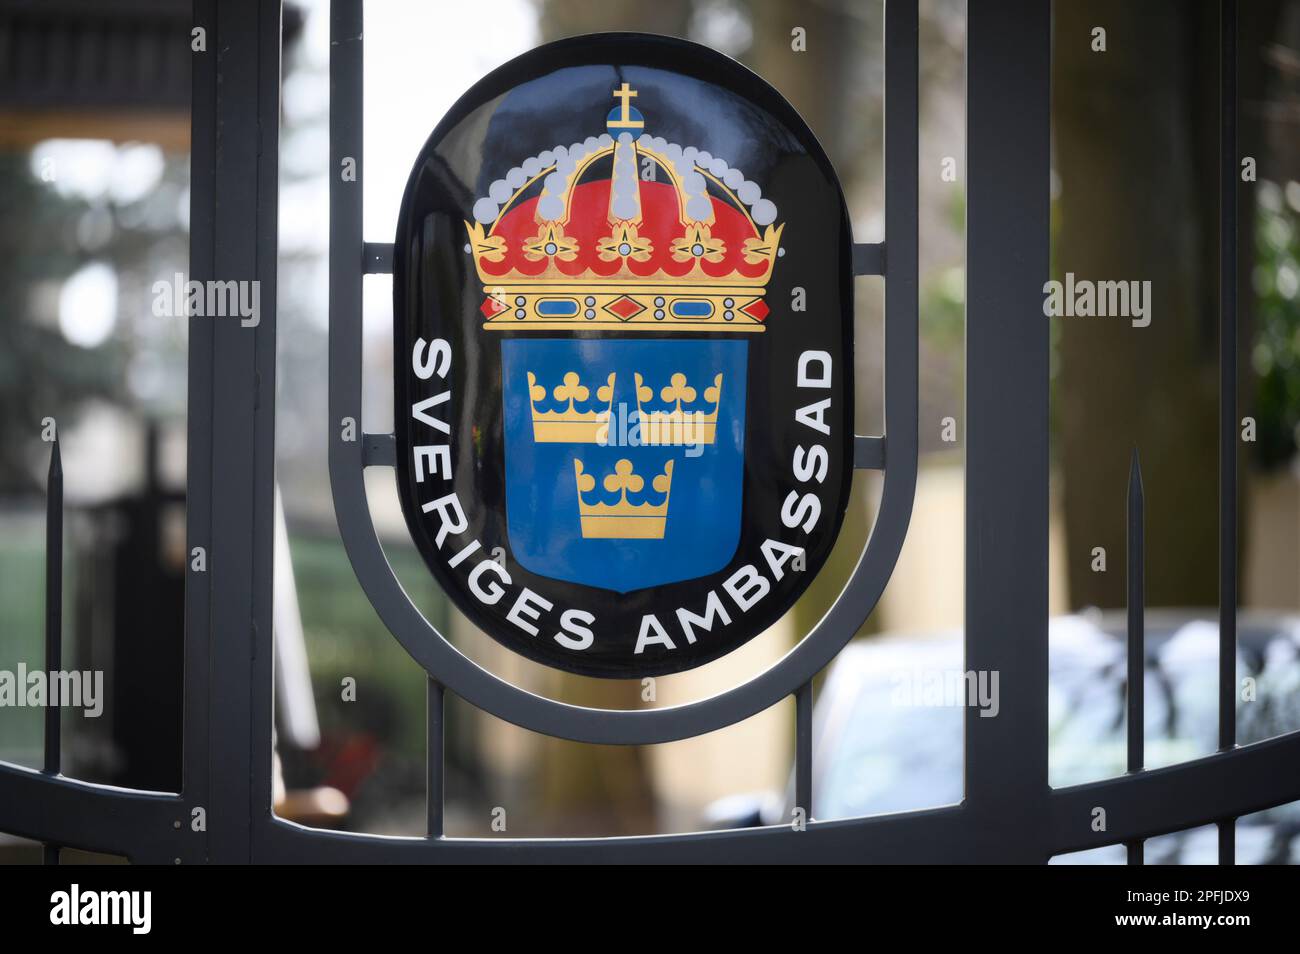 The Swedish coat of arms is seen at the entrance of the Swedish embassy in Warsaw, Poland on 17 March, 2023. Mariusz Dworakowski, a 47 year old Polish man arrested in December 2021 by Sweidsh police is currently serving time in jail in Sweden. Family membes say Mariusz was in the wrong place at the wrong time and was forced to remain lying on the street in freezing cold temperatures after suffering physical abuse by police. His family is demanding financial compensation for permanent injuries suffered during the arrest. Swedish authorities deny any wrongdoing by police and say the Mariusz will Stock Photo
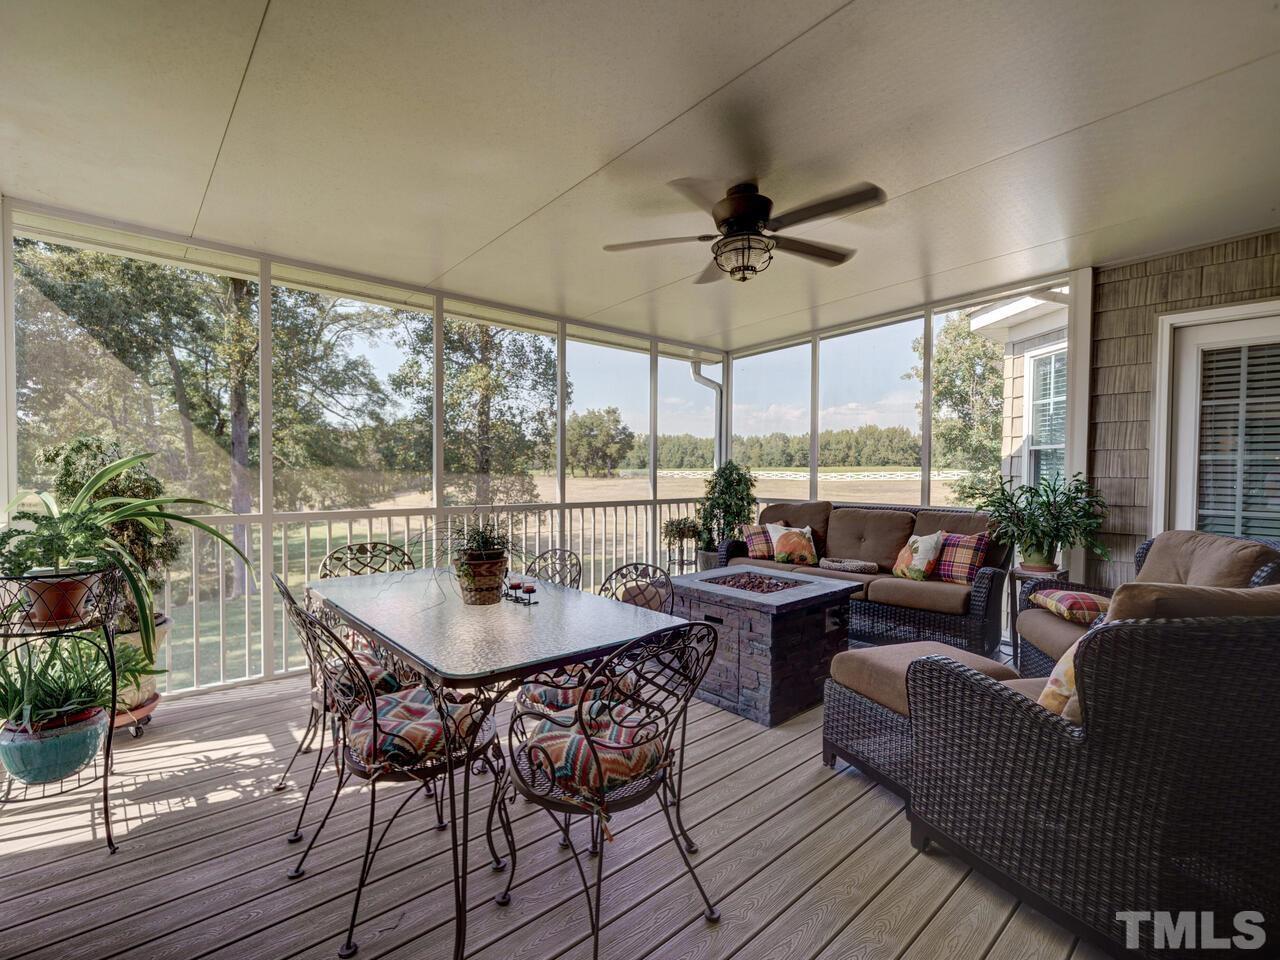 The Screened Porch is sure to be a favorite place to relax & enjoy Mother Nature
...
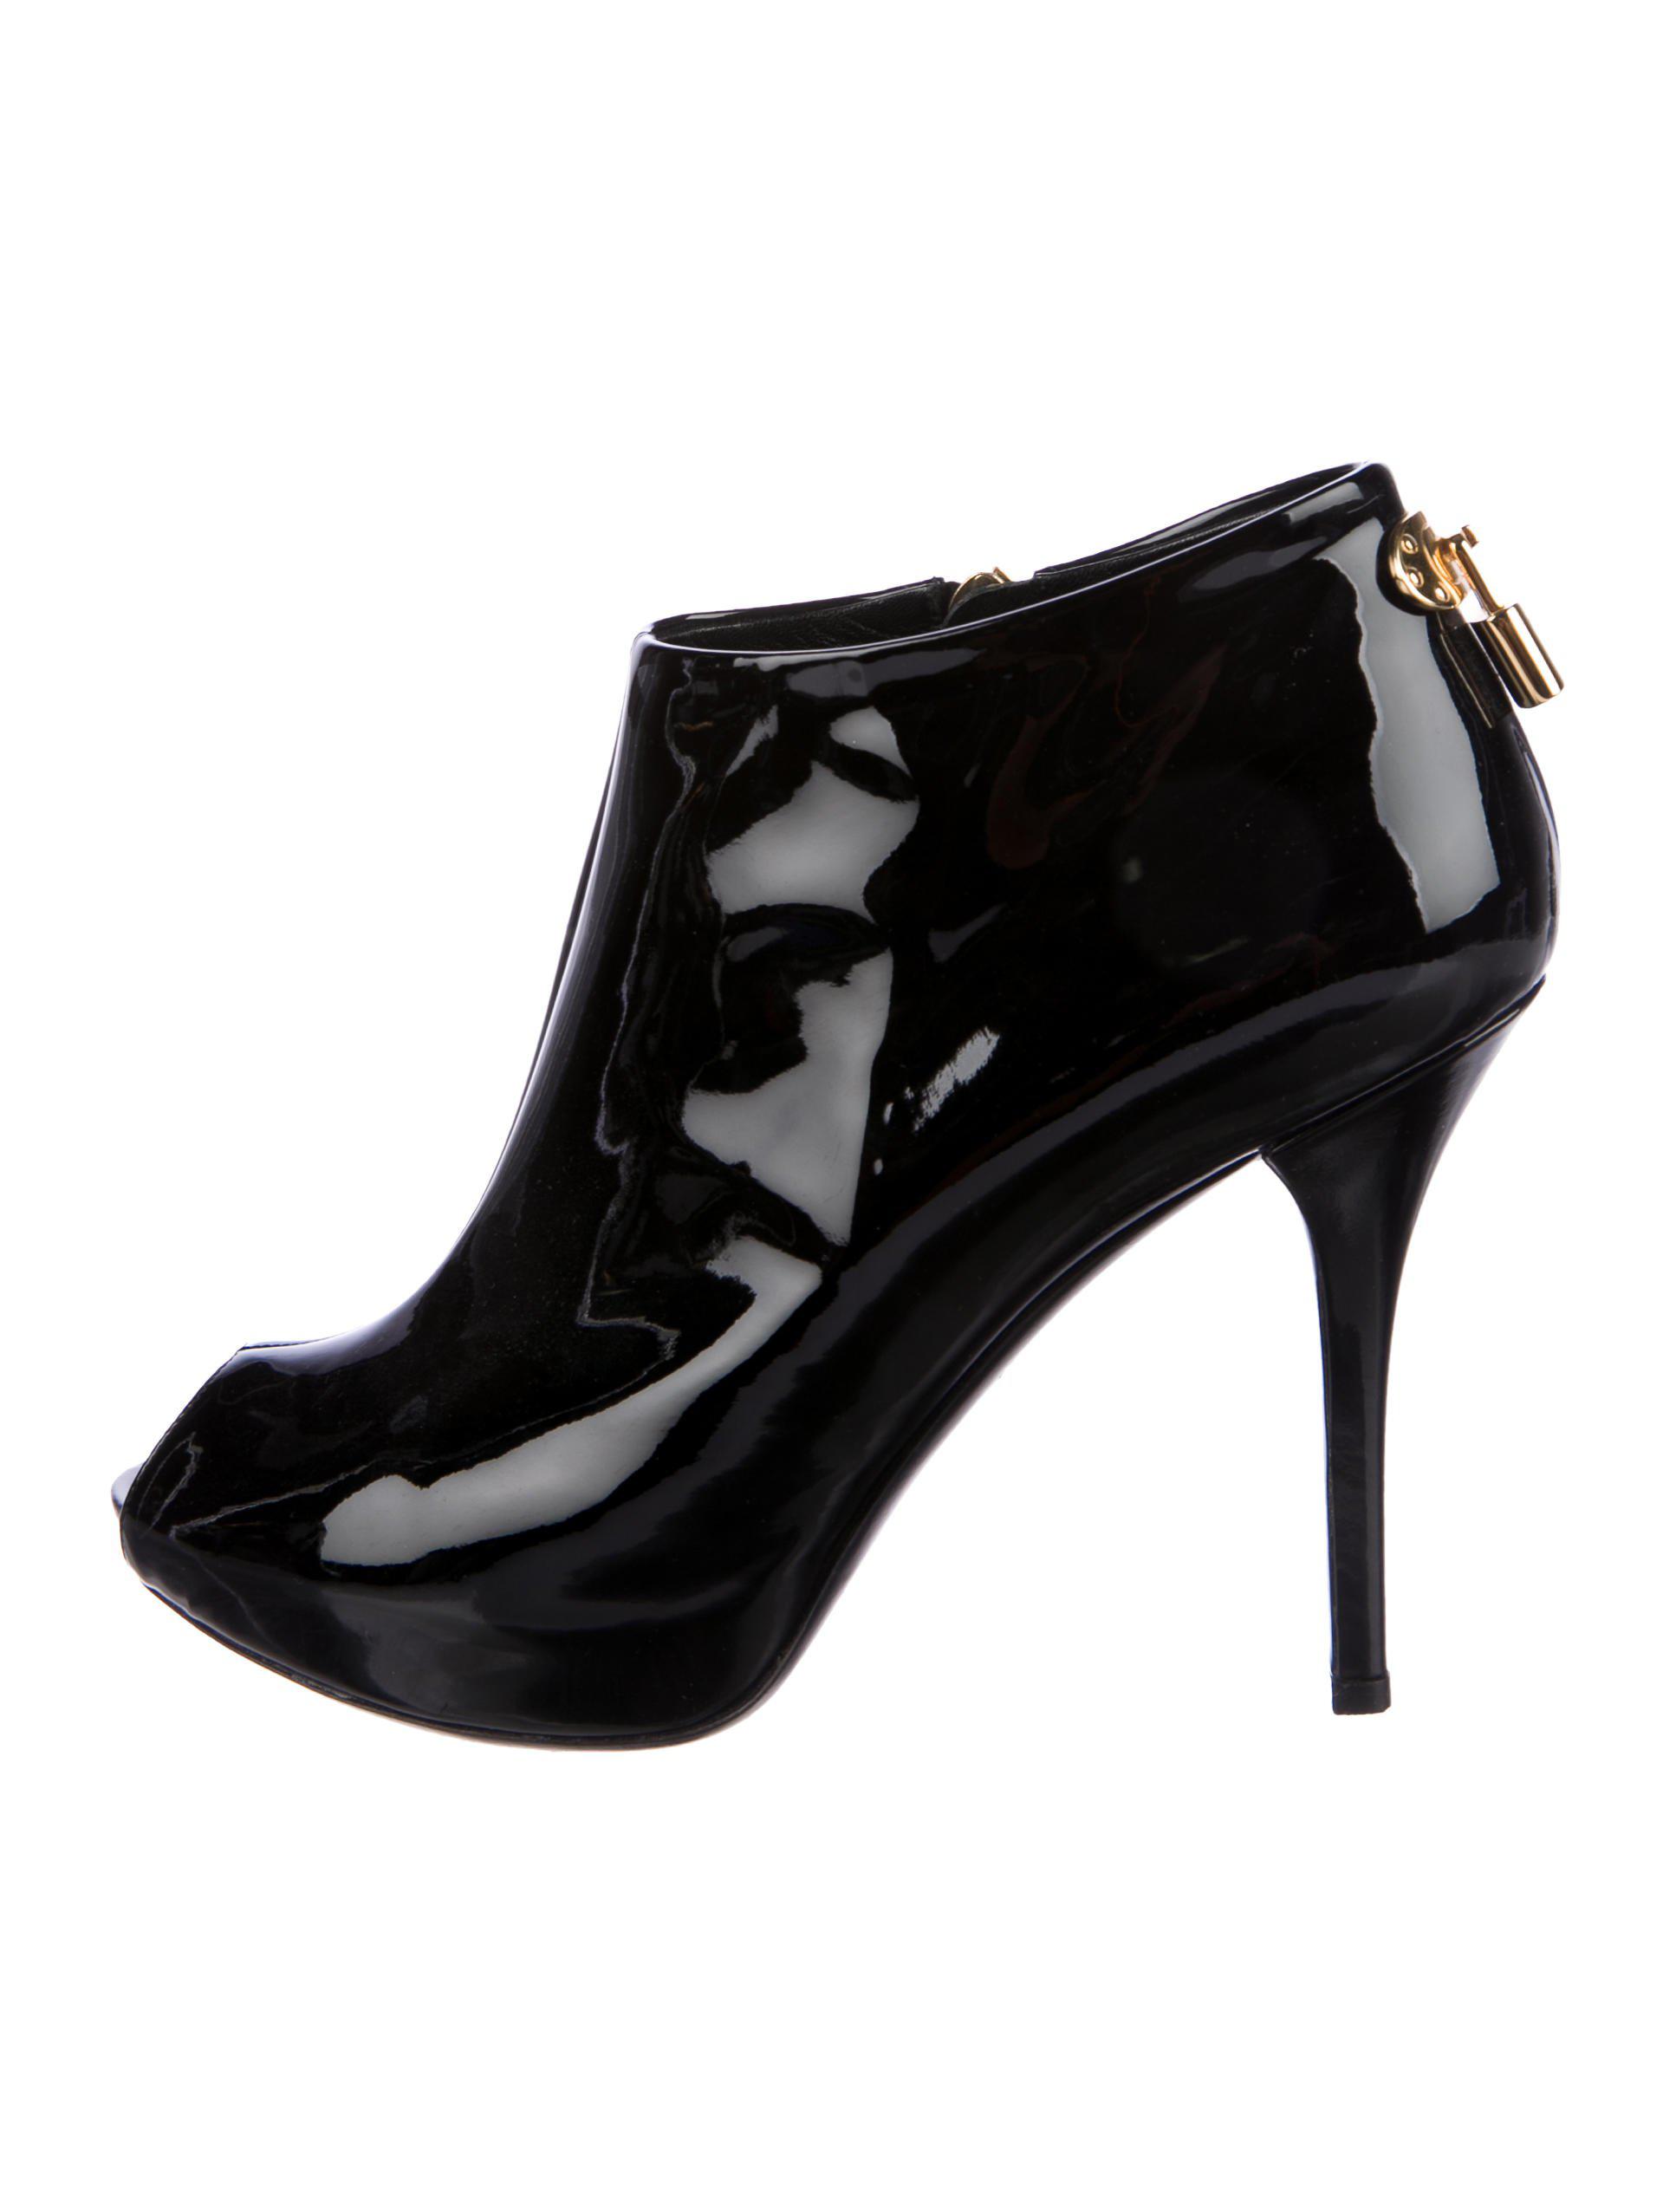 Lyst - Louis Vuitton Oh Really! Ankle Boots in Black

▶ TO DO:
Looking above, find the stretch of lines that opens with the one holding "The Swedish coat" and closes with the one holding "The Screened Porch". Copy it exactly, pictures excluded.

▶ ANSWER SECTION:
 The Swedish coat of arms is seen at the entrance of the Swedish embassy in Warsaw, Poland on 17 March, 2023. Mariusz Dworakowski, a 47 year old Polish man arrested in December 2021 by Sweidsh police is currently serving time in jail in Sweden. Family membes say Mariusz was in the wrong place at the wrong time and was forced to remain lying on the street in freezing cold temperatures after suffering physical abuse by police. His family is demanding financial compensation for permanent injuries suffered during the arrest. Swedish authorities deny any wrongdoing by police and say the Mariusz will Stock Photo
 The Screened Porch is sure to be a favorite place to relax & enjoy Mother Nature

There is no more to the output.